ウクライナ 米供与のクラスター爆弾使用か ロシアの反発も予想

ロシア軍は連日、ウクライナの農産物の積み出し港がある南部を攻撃するなどしていて、黒海周辺では緊張が高まっています。一方、ウクライナ軍はアメリカから供与された殺傷能力の高いクラスター爆弾を使用し始めたと見られ、ロシア側が反発を強めることも予想されます。

ロシア軍は、20日もウクライナ南部オデーサ州やミコライウへの攻撃を行うなど、ウクライナの農産物の積み出し港がある黒海に面するウクライナ南部への攻撃を強めています。
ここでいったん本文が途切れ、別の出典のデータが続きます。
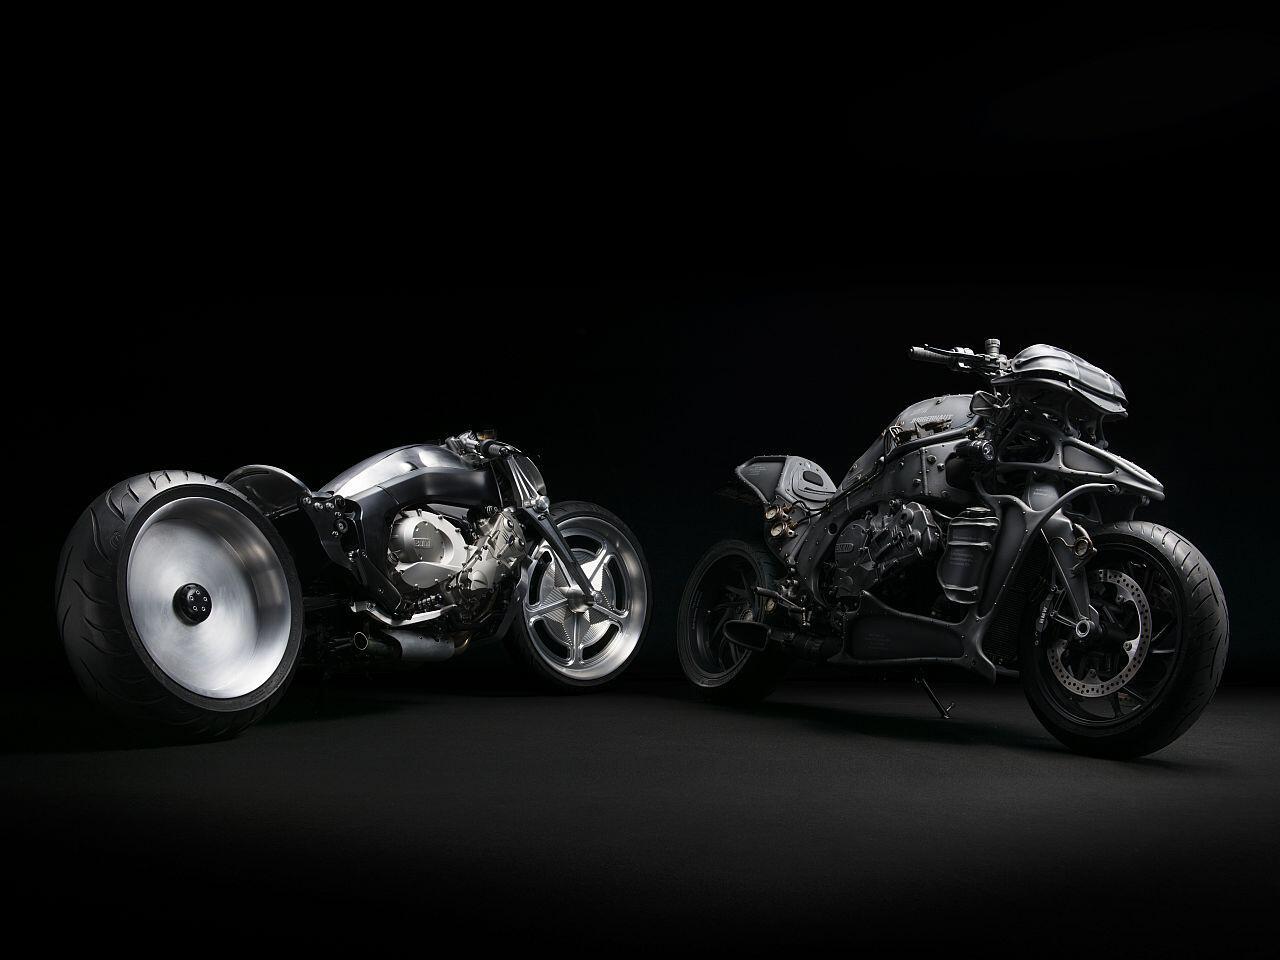 Bild zu BMW K 1600 GTL: BMW Motorrad mutiert zu radikalen Monster-Maschinen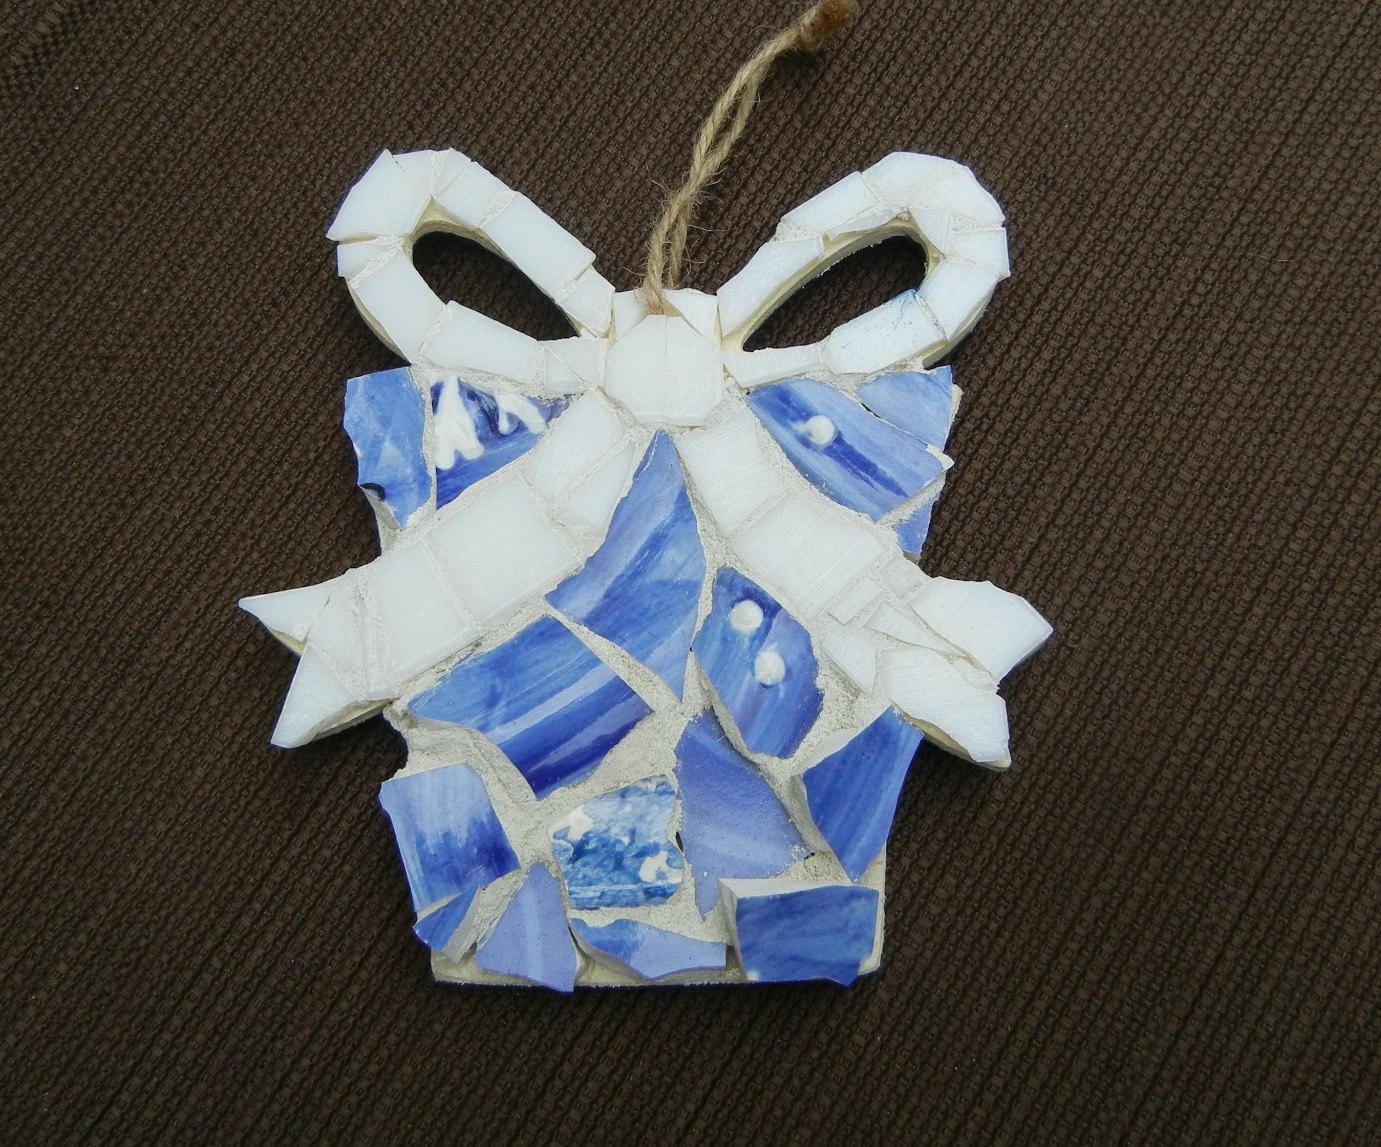 Christmas ornament mosaic gift box

ウクライナのゼレンスキー大統領は、20日の声明で「ロシアのテロリストはわずか4日間で、ミサイル70発近く、イラン製無人機90機近くを南部の地域で使用した」と述べ強く非難しました。

また、ロシアはウクライナ産の農産物の輸出をめぐる合意の履行停止を発表したのに続いて、黒海でウクライナに向かう船舶を軍事物資を輸送している可能性があるとみなすと警告し、これにウクライナ側も対抗措置を発表するなど緊張が高まっています。

ウクライナの国家安全保障・国防会議のダニロフ書記は19日、農産物の輸出を続けるために人道的な護送船団の創設を提案したことを明らかにし、国連などに協力を求めていく考えを示しました。

一方、アメリカ ホワイトハウスのカービー戦略広報調整官は20日、記者団に対し、バイデン政権が供与した殺傷能力の高いクラスター爆弾について、ウクライナ軍が使用を始めたことを明らかにしました。

クラスター爆弾について、ロシアのプーチン大統領は16日「もし、われわれに対して使用された場合、同様の対応をとる権利がある」とけん制していて、今後ロシア側が反発を強めることも予想されます。